27

7K 588 8
                                    

Tubuhku pulih dan demamku akhirnya sembuh setelah dua hari beristirahat. Aku akhirnya bisa kembali membuka rumah makanku. Seperti biasanya, Yuzi kembali datang untuk bekerja. Miro juga sempat datang berkunjung untuk memberikanku suplemen kesehatan agar aku tidak mudah sakit. Gerald juga datang berkunjung untuk memastikan jika aku sudah benar-benar sembuh.

"Hah, aku tidak menyangka kau bisa sampai sakit. Biasanya kau kuat," ujar Gerald dengan wajah khawatir.

"Leila juga manusia. Wajar jika ia sakit," sambar Arsen ketus dengan nada defensif. Lelaki itu ikut membantuku menyiapkan perlengkapan rumah makan karena khawatir akan kondisiku.

"Kubilang, aku hanya terkejut, bukan menyalahkan kondisinya! Jika ada yang harus kusalahkan, itu sudah pasti dirimu!" sahut Gerald tak kalah ketus.

Arsen mendengkus, tetapi tak membalas. Seakan ia menyetujui ucapan Gerald bahwa dirinya adalah penyebabku sakit. Walau tidak secara langsung, aku merasa tidak tega membuatnya menjadi bulan-bulanan Gerald.

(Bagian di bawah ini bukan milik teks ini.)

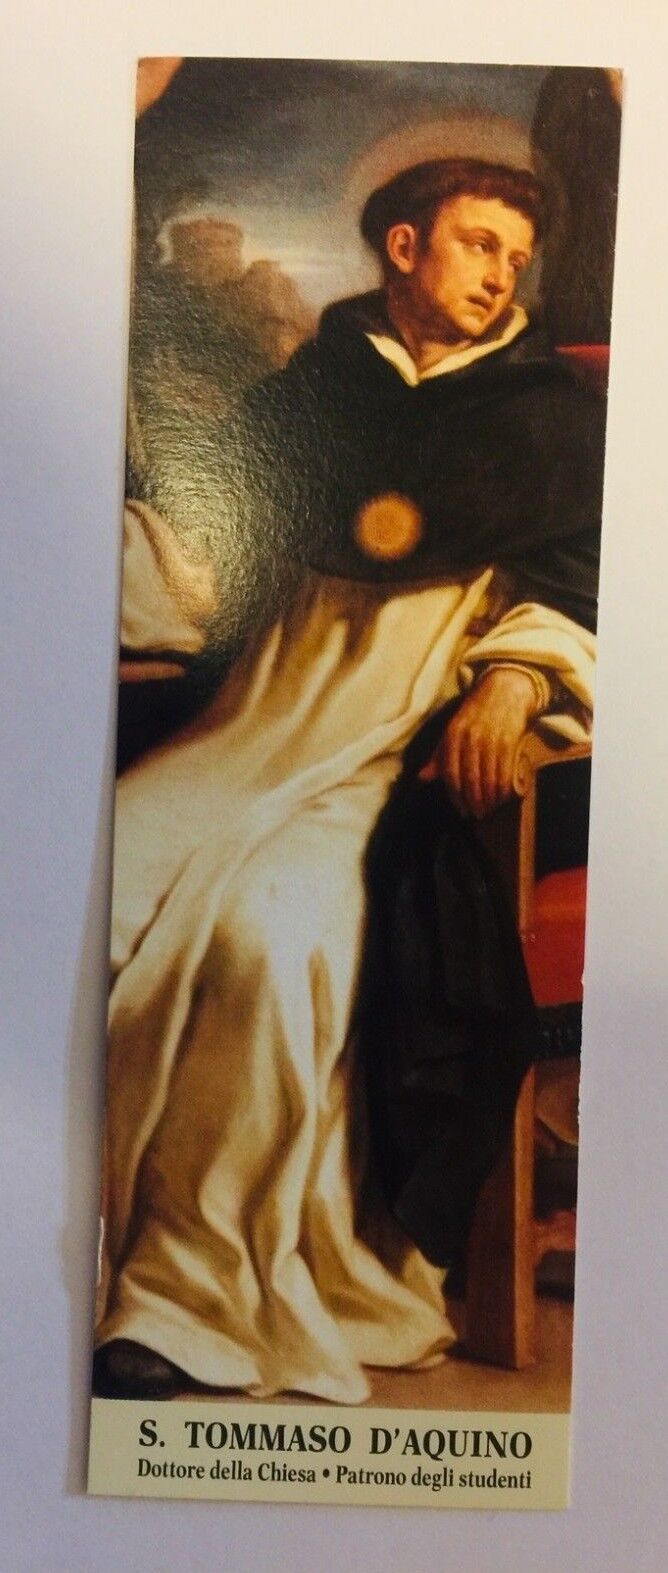 Saint Thomas Aquinas Authentic Prayer Card, PRAYER IN ITALIAN, New From Italy - Bob and Penny Lord

"Tidak apa-apa, Paman. Aku baik-baik saja sekarang. Juga, Ranran sepertinya sudah bosan bermain dengan Arsen. Sekarang, ia sibuk dengan Miro. Aku bisa agak tenang," kataku sambil tersenyum.

"Sejak awal, ia memang dekat dengan Miro. Mungkin ia menyangka Miro adalah ayahnya," sahut Gerald membuat Arsen melirik tajam ke arah Miro yang diam saja sambil memangku Ranran sejak tadi.

Wajah Miro sedikit memucat. Ia menatapku meminta pertolongan. Aku memutar kepalaku, melirik ke arah Arsen yang masih memasang wajah seakan ingin membunuh lelaki itu. Kuhela napas panjang sambil menegurnya.

"Ranran menyukai Miro karena Miro sering menggendongnya tinggi-tinggi. Ia hanya anak satu tahun lebih yang tidak mengerti apa-apa."

Arsen menatapku usai aku bicara. Matanya berkilat tampak tak terima, tetapi ia tak mengatakan apa-apa. Selanjutnya, lelaki itu membuang muka dengan ekspresi masam, berhenti menatap tajam ke arah Miro. Lelaki itu memutuskan untuk turun da mengambil perlengkapanku yang lain. Miro menghela napas lega saat Arsen pergi. Sementara, Yuzi hanya bisa meringis tapi tidak mau ikut-ikutan bicara karena tidak mau memperkeruh suasana.

Aku mendekat pada Gerald sambil tersenyum samar dengan perasaan tak enak. "Paman, kau tidak seharusnya seperti itu kepada Arsen."

Lelaki itu tak menjawab. Ia hanya mengangkat bahu satu kali sambil beranjak mendekati Miro untuk menggendong Ranran. Ah, kurasa hubungan mereka membutuhkan lebih banyak waktu untuk diperbaiki. Sepanjang hari itu, aku sibuk bekerja. Arsen membantuku sampai jam makan siang, tetapi berhenti saat Ranran kembali ke balkon dengan digendong oleh Gerald. Katanya, anakku merengek ingin melihat ayahnya.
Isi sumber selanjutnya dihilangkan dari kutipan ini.